From de4f75dcd8236640ca6c3dfbe954b1dda7f8aadc Mon Sep 17 00:00:00 2001
From: Kevin Hu <kevinhu.sh@gmail.com>
Date: Thu, 23 Oct 2025 09:24:16 +0800
Subject: [PATCH] Fix: add video parser (#10735)

### Type of change

- [x] Bug Fix (non-breaking change which fixes an issue)
---
 api/apps/kb_app.py        |  1 +
 rag/flow/parser/parser.py | 28 +++++++++++++++++++++++++---
 2 files changed, 26 insertions(+), 3 deletions(-)

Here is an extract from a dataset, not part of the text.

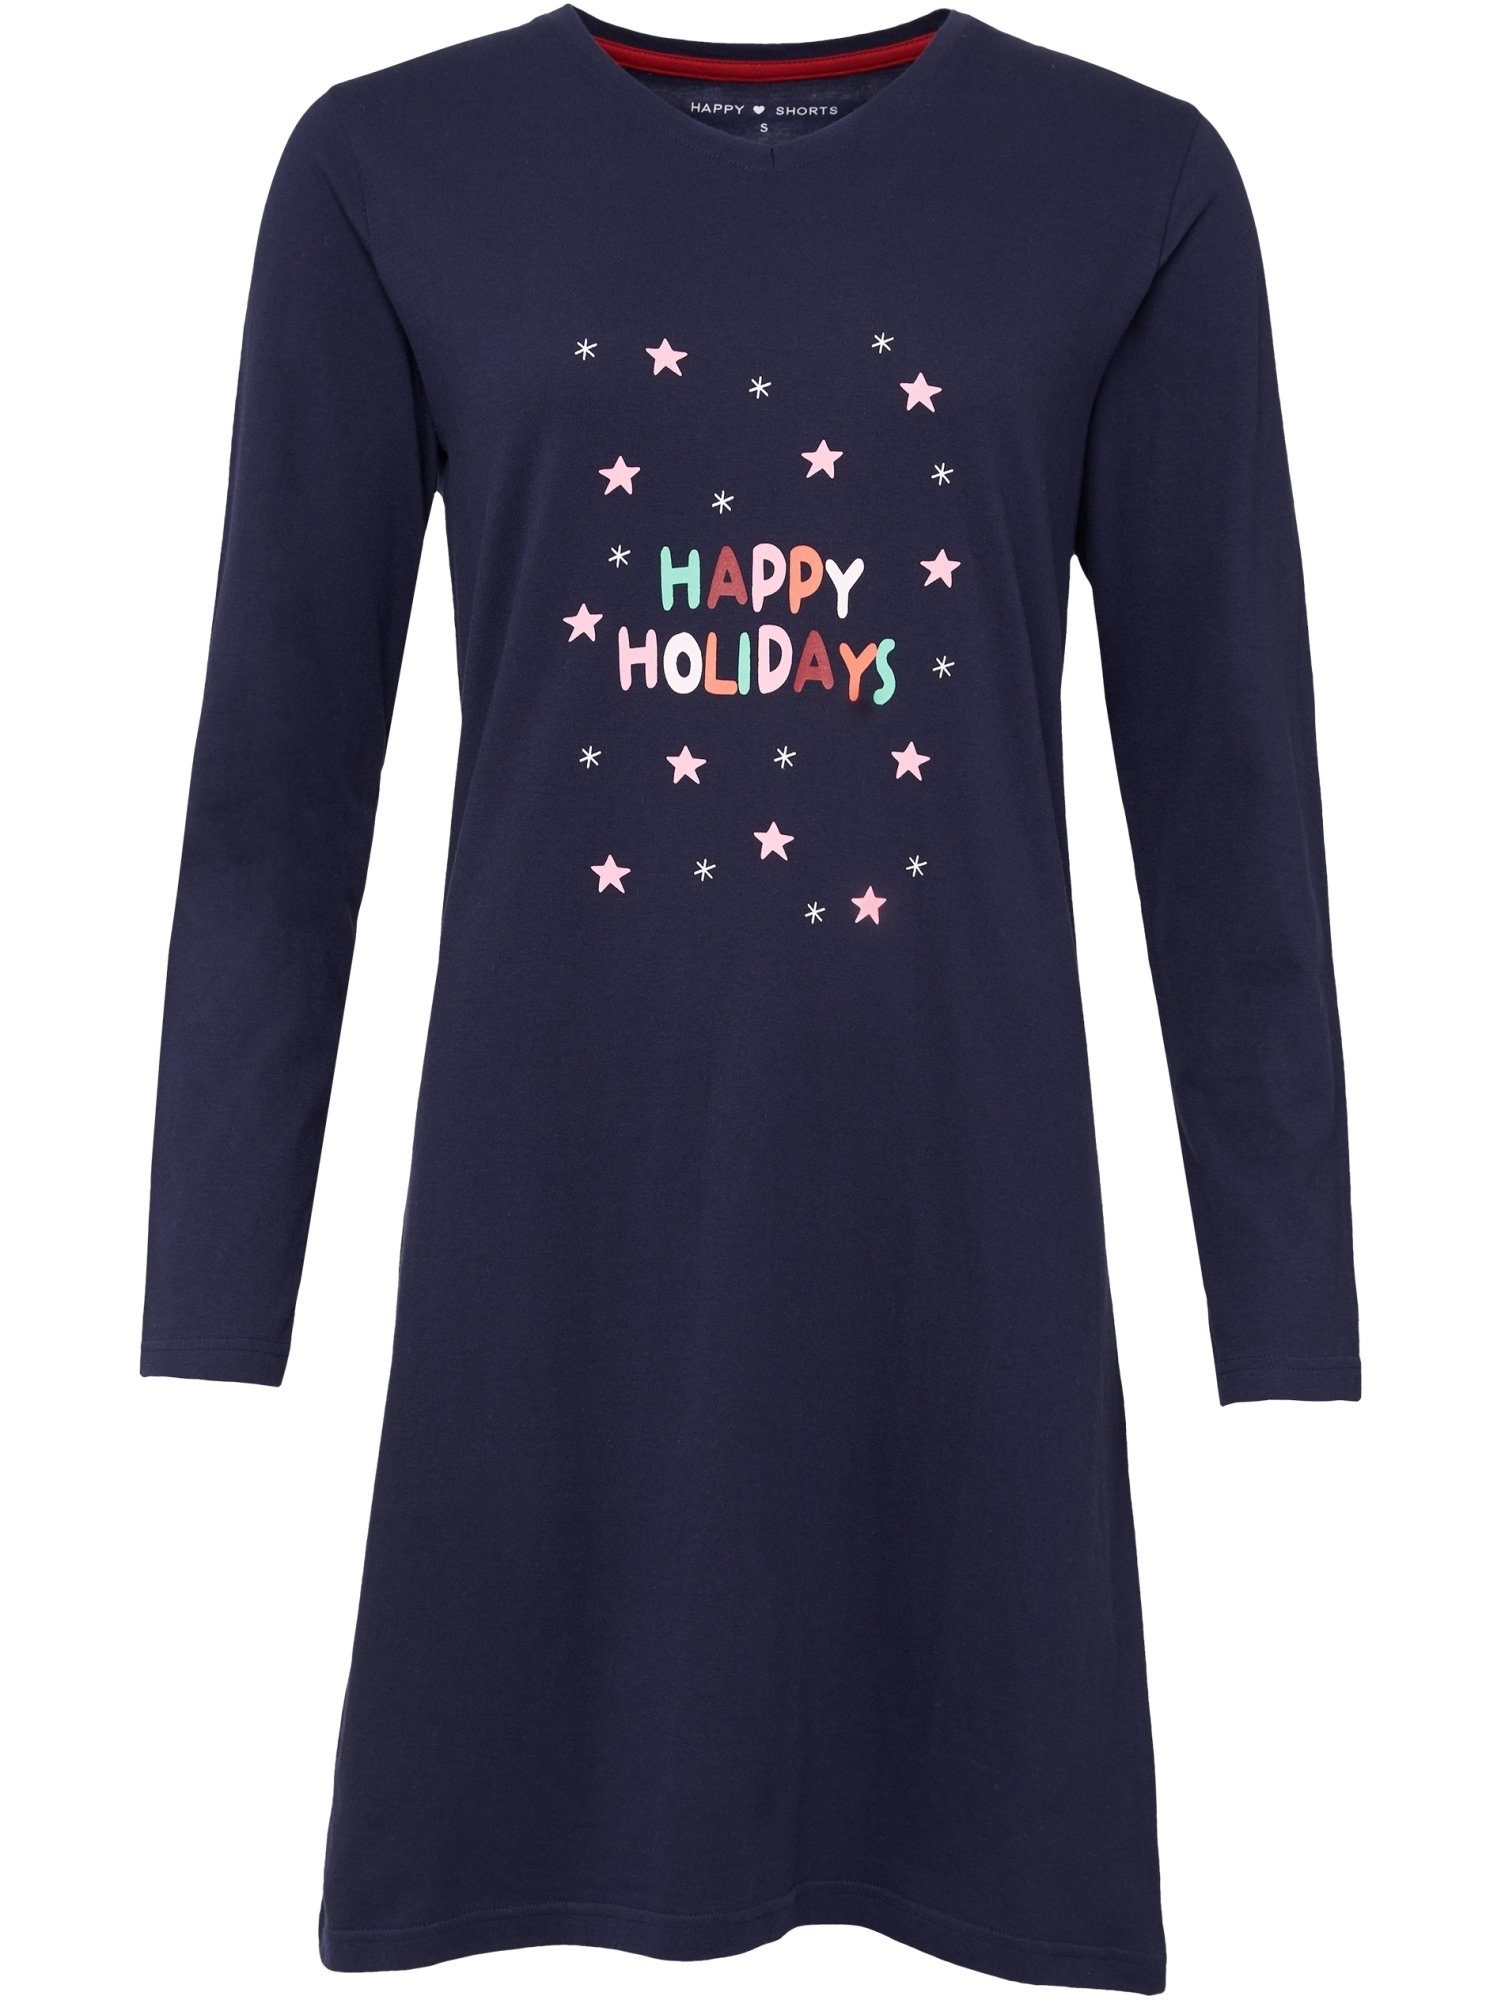 HAPPY SHORTS Nachthemd Xmas Nacht-hemd schlafmode sleepwear navy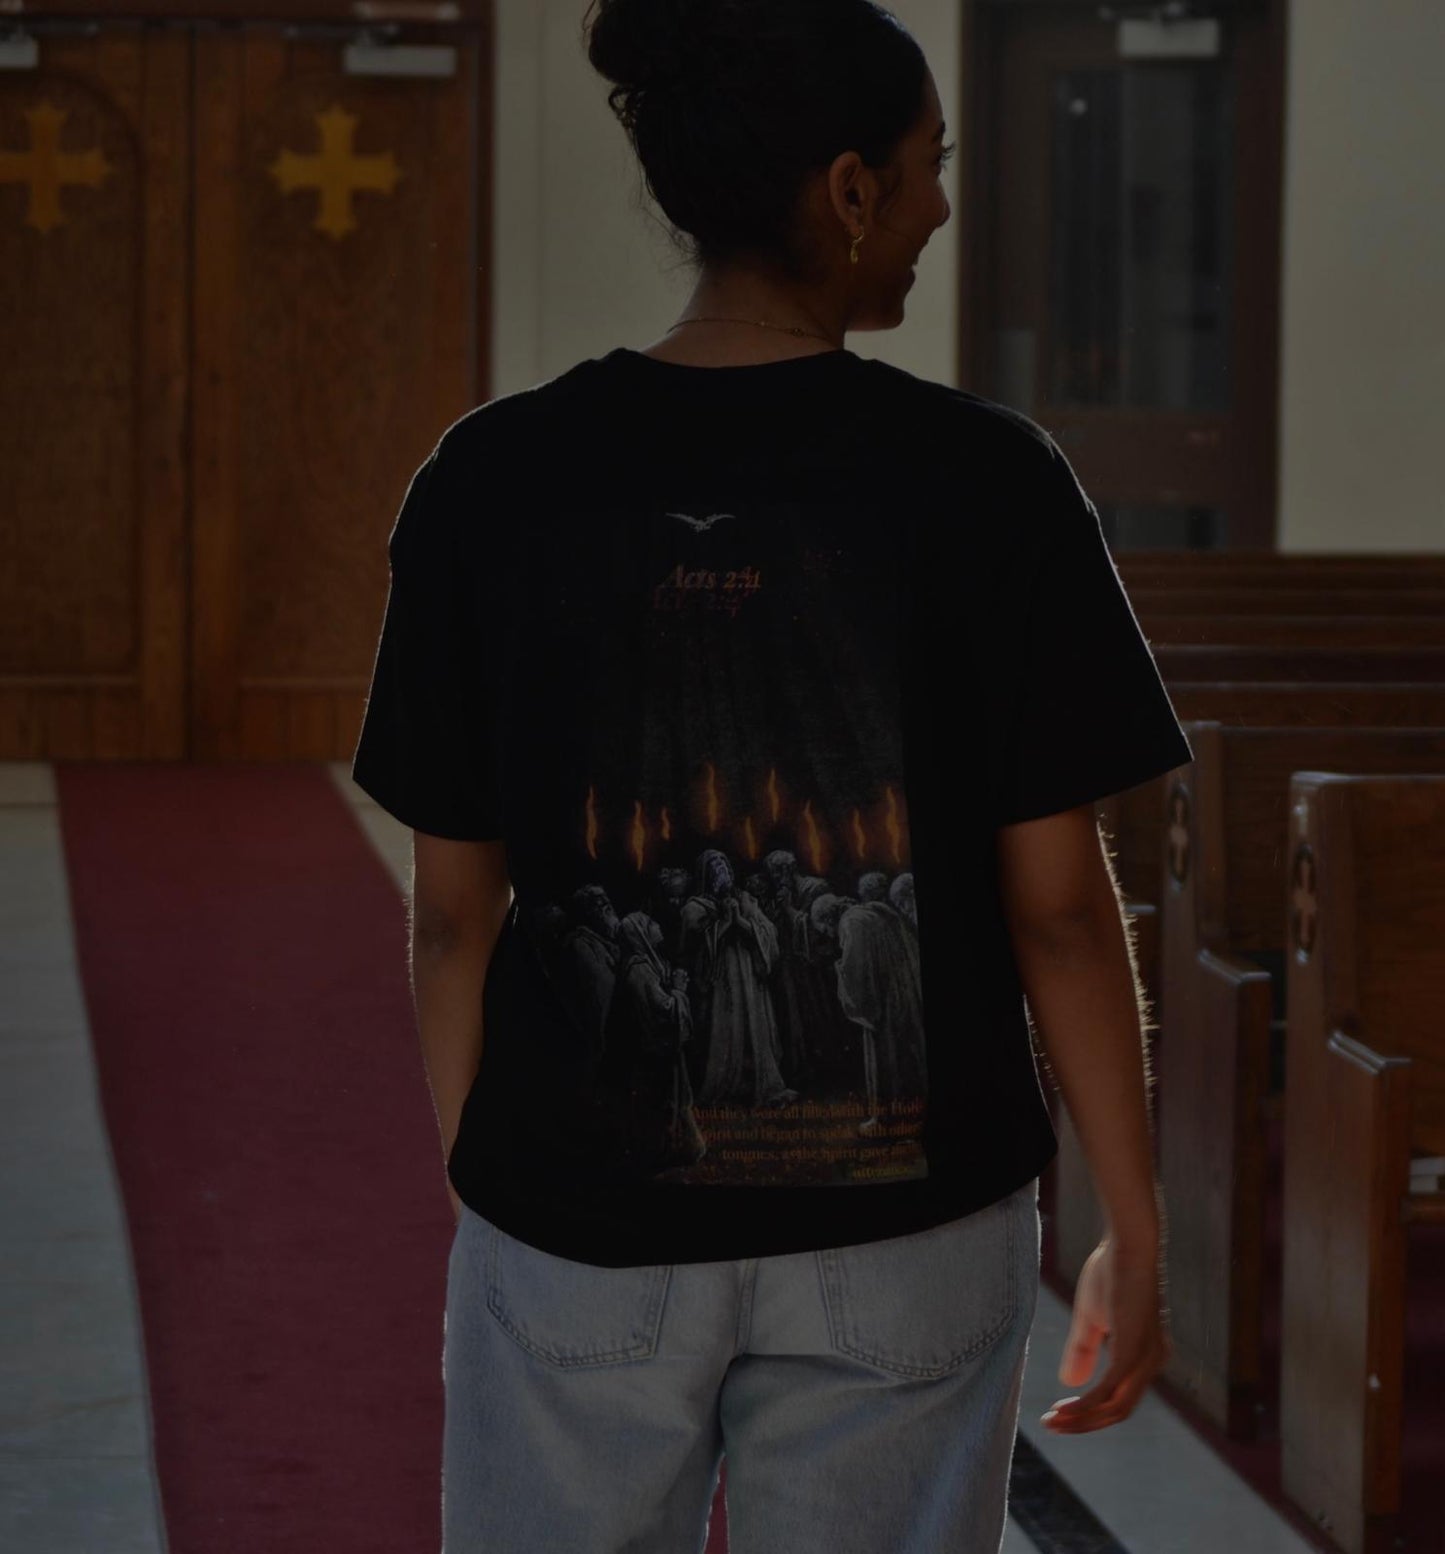 Pentecost T-Shirt

diff --git a/api/apps/kb_app.py b/api/apps/kb_app.py
index e168f9d1f..07c860e07 100644
--- a/api/apps/kb_app.py
+++ b/api/apps/kb_app.py
@@ -70,6 +70,7 @@ def create():
         e, t = TenantService.get_by_id(current_user.id)
         if not e:
             return get_data_error_result(message="Tenant not found.")
+        req["embd_id"] = t.embd_id
         req["parser_config"] = {
             "layout_recognize": "DeepDOC",
             "chunk_token_num": 512,
diff --git a/rag/flow/parser/parser.py b/rag/flow/parser/parser.py
index 0784ce6fa..1cbca83e4 100644
--- a/rag/flow/parser/parser.py
+++ b/rag/flow/parser/parser.py
@@ -140,7 +140,13 @@ class ParserParam(ProcessParamBase):
                 ],
                 "output_format": "json",
             },
-            "video": {},
+            "video": {
+                "suffix":[
+                    "mp4",
+                    "av"
+                ],
+                "output_format": "json",
+            },
         }
 
     def check(self):
@@ -185,6 +191,10 @@ class ParserParam(ProcessParamBase):
         if audio_config:
             self.check_empty(audio_config.get("llm_id"), "Audio VLM")
 
+        video_config = self.setups.get("video", "")
+        if video_config:
+            self.check_empty(video_config.get("llm_id"), "Video VLM")
+
         email_config = self.setups.get("email", "")
         if email_config:
             email_output_format = email_config.get("output_format", "")
@@ -212,8 +222,8 @@ class Parser(ProcessBase):
             lines, _ = VisionParser(vision_model=vision_model)(blob, callback=self.callback)
             bboxes = []
             for t, poss in lines:
-                pn, x0, x1, top, bott = poss.split(" ")
-                bboxes.append({"page_number": int(pn), "x0": float(x0), "x1": float(x1), "top": float(top), "bottom": float(bott), "text": t})
+                for pn, x0, x1, top, bott in RAGFlowPdfParser.extract_positions(poss):
+                    bboxes.append({"page_number": int(pn[0]), "x0": float(x0), "x1": float(x1), "top": float(top), "bottom": float(bott), "text": t})
 
         if conf.get("output_format") == "json":
             self.set_output("json", bboxes)
@@ -357,6 +367,17 @@ class Parser(ProcessBase):
 
             self.set_output("text", txt)
 
+    def _video(self, name, blob):
+        self.callback(random.randint(1, 5) / 100.0, "Start to work on an video.")
+
+        conf = self._param.setups["video"]
+        self.set_output("output_format", conf["output_format"])
+
+        cv_mdl = LLMBundle(self._canvas.get_tenant_id(), LLMType.IMAGE2TEXT)
+        txt = cv_mdl.chat(system="", history=[], gen_conf={}, video_bytes=blob, filename=name)
+
+        self.set_output("text", txt)
+
     def _email(self, name, blob):
         self.callback(random.randint(1, 5) / 100.0, "Start to work on an email.")
 
@@ -483,6 +504,7 @@ class Parser(ProcessBase):
             "word": self._word,
             "image": self._image,
             "audio": self._audio,
+            "video": self._video,
             "email": self._email,
         }
         try: